What you need to do —
With the exception of the pictures, transcribe the entire listing exactly.

-- Data provided follows --

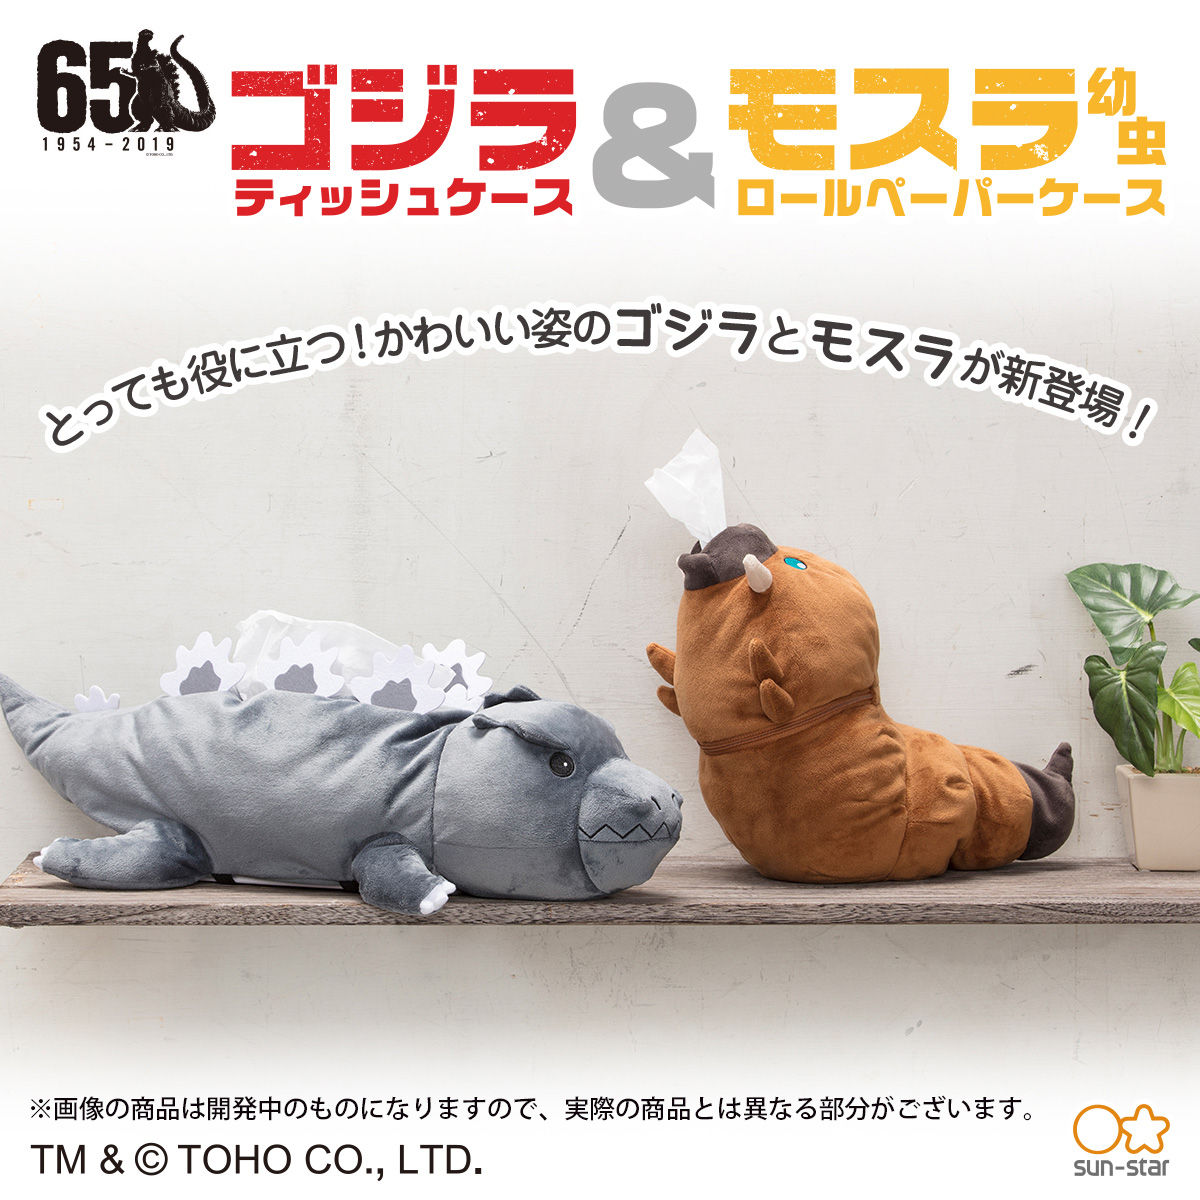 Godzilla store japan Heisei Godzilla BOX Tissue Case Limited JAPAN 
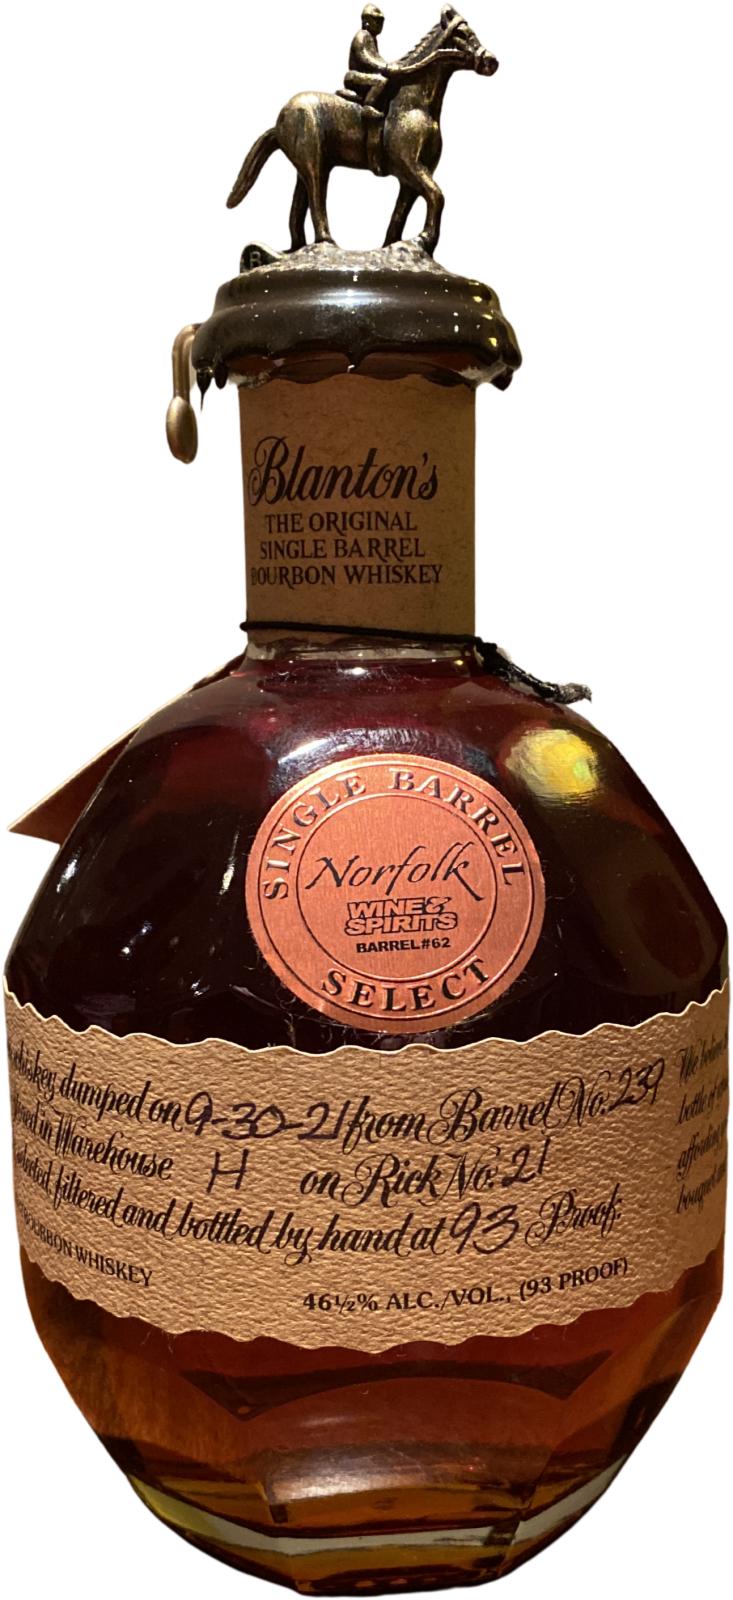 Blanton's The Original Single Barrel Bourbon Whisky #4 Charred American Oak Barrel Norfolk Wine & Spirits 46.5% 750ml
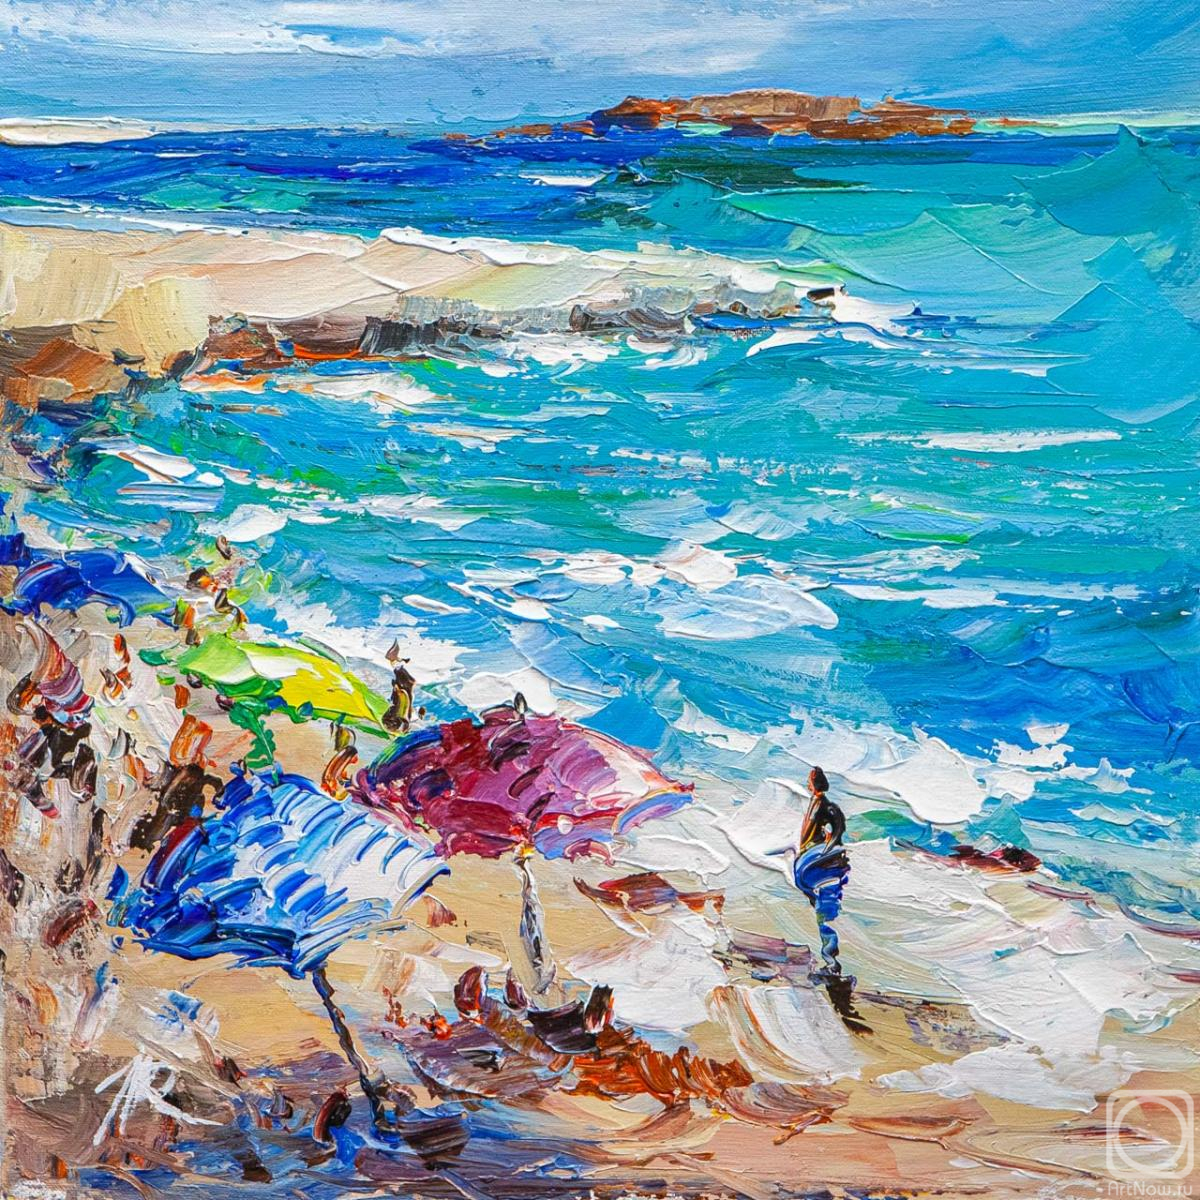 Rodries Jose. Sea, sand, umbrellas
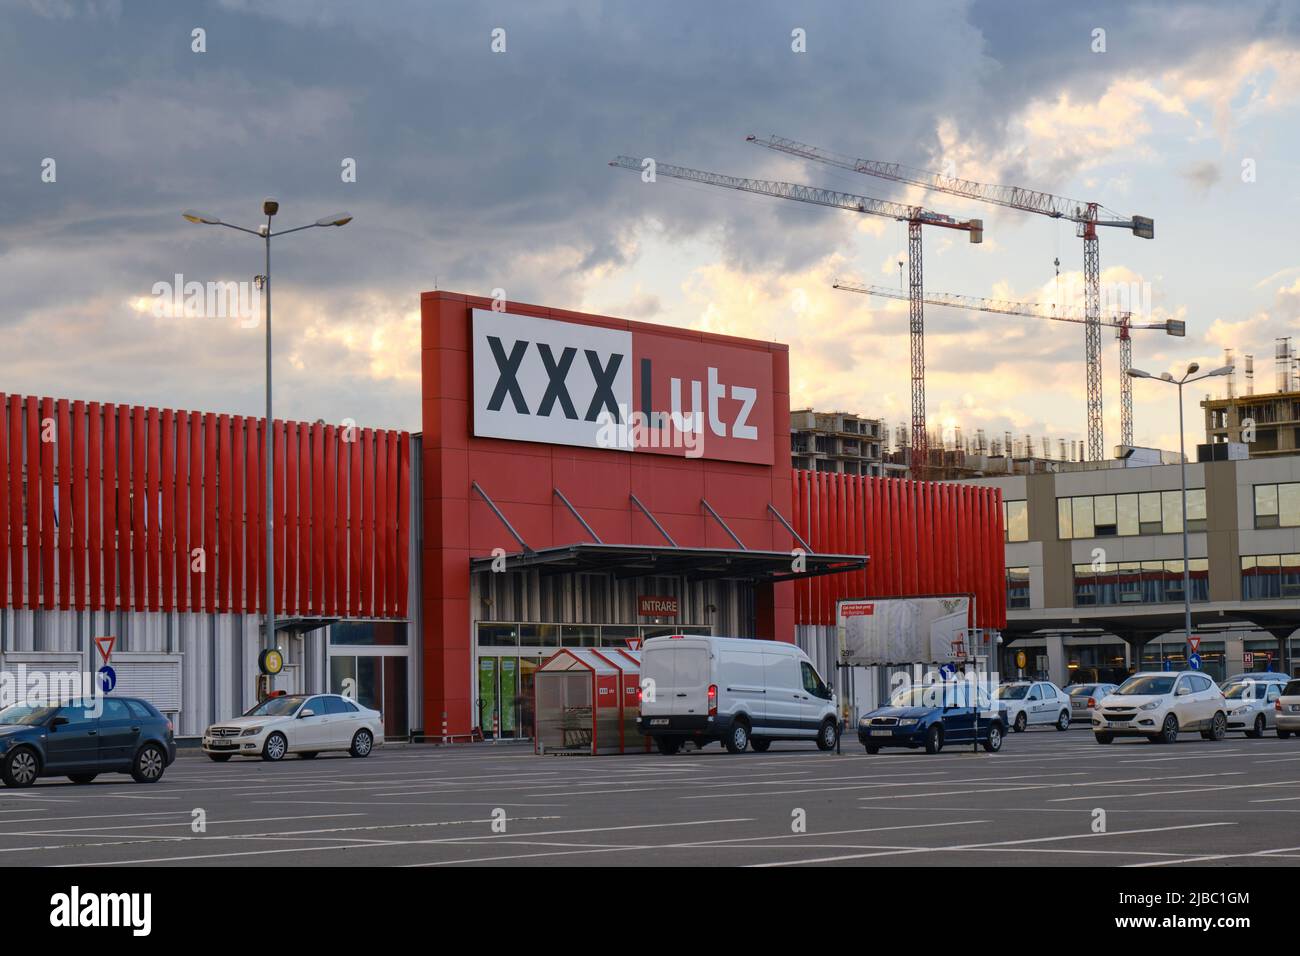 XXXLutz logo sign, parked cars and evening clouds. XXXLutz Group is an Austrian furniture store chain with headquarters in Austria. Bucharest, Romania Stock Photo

-- Data provided concluded --

Completed exercise —
 Godzilla store japan Heisei Godzilla BOX Tissue Case Limited JAPAN 
 Blanton's The Original Single Barrel Bourbon Whisky #4 Charred American Oak Barrel Norfolk Wine & Spirits 46.5% 750ml
 Rodries Jose. Sea, sand, umbrellas
 XXXLutz logo sign, parked cars and evening clouds. XXXLutz Group is an Austrian furniture store chain with headquarters in Austria. Bucharest, Romania Stock Photo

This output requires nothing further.